5.4 Vertical transport in the troposphere

The tracer experiments in Sect. 5.1, as well as the work of Yu et al. (2018), revealed issues in modeled vertical transport in the troposphere. Here, we investigate possible causes of the reduced vertical transport at the coarse model resolution. The structure of the 222Rn bias between the two model resolutions suggested errors in tracer advection at midlatitudes. Here we examine possible sources of these transport errors and their impact on the modeled tracer fields.
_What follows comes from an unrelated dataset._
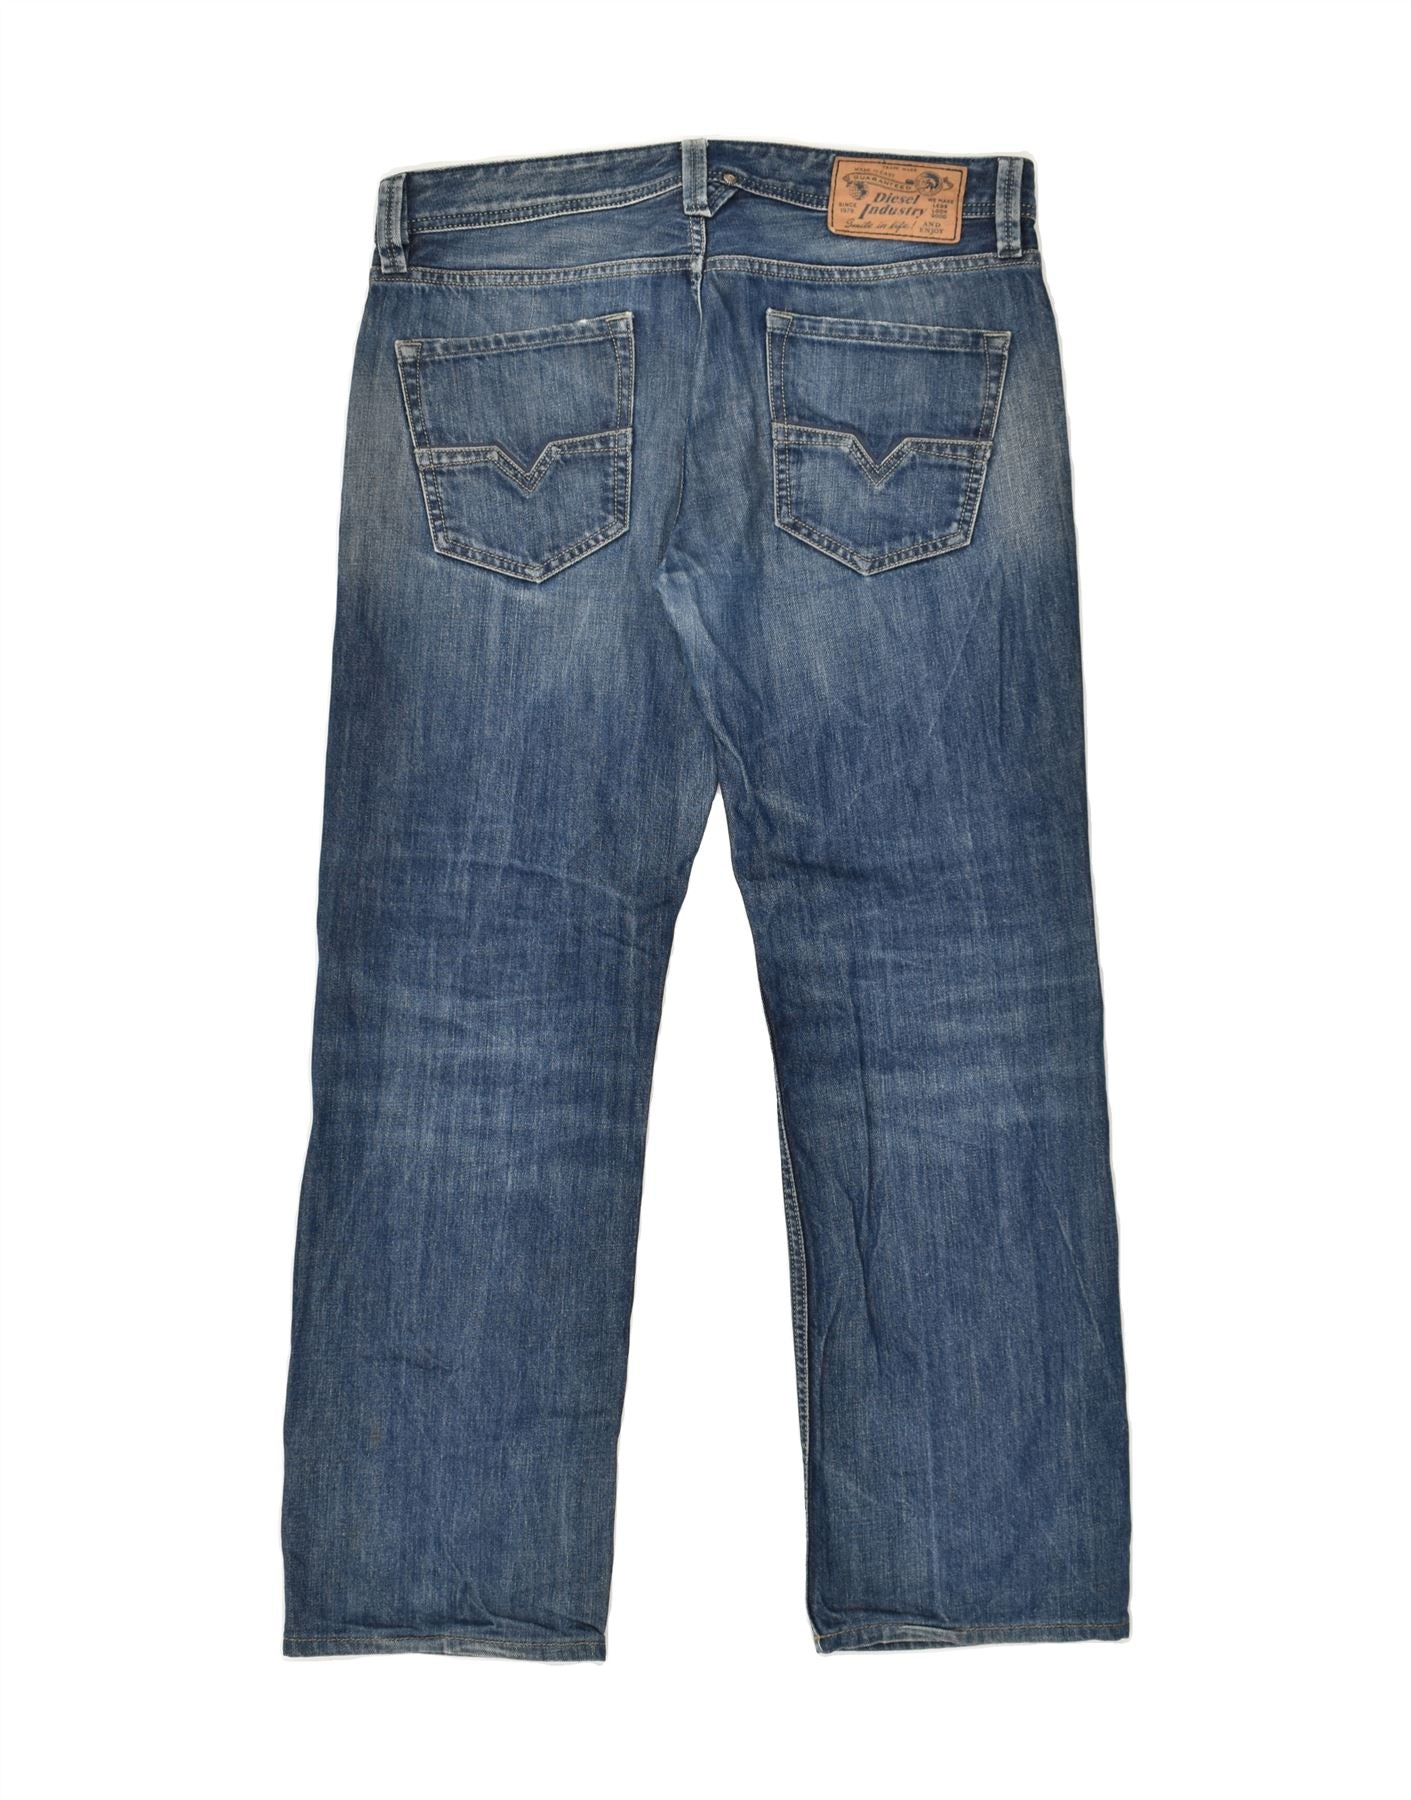 NAUTICA Womens Straight Jeans W30 L27 Blue Cotton

5.4.1 Regridding mass flux versus horizontal winds

Figure 10 shows the mean spatial distribution of the vertical AMFs (vAMFs) at the 590 hPa pressure level in GEOS-Chem at 4×5 and at the native 0.5×0.667 horizontal resolution in May 2010 over east Asia. They show that the high-resolution fluxes have more detailed structure due to the complex topography of China and point to the potential of producing inconsistencies in calculating the vAMFs at different model resolutions due to the fact that, at coarse resolution, vAMFs are obtained from degraded coarse-resolution cell-centered winds (see Sect. 2.1). To quantify the potential impact of calculating the horizontal AMFs (hAMFs) at the grid cell interfaces from the coarse-resolution wind fields, we consider using archived hAMFs from the native-resolution GEOS-5.2.0 fields and regridding them to the lower resolution. This would ensure consistency between the hAMFs at different model resolutions and, therefore, preserve the derived vertical air mass fluxes (vAMFs). Unfortunately, neither the native-resolution hAMFs nor the global surface pressure and wind fields at the native GEOS-5.2.0 resolution were available for us, as GMAO has transitioned to version GEOS-5.7.2 of their assimilation system.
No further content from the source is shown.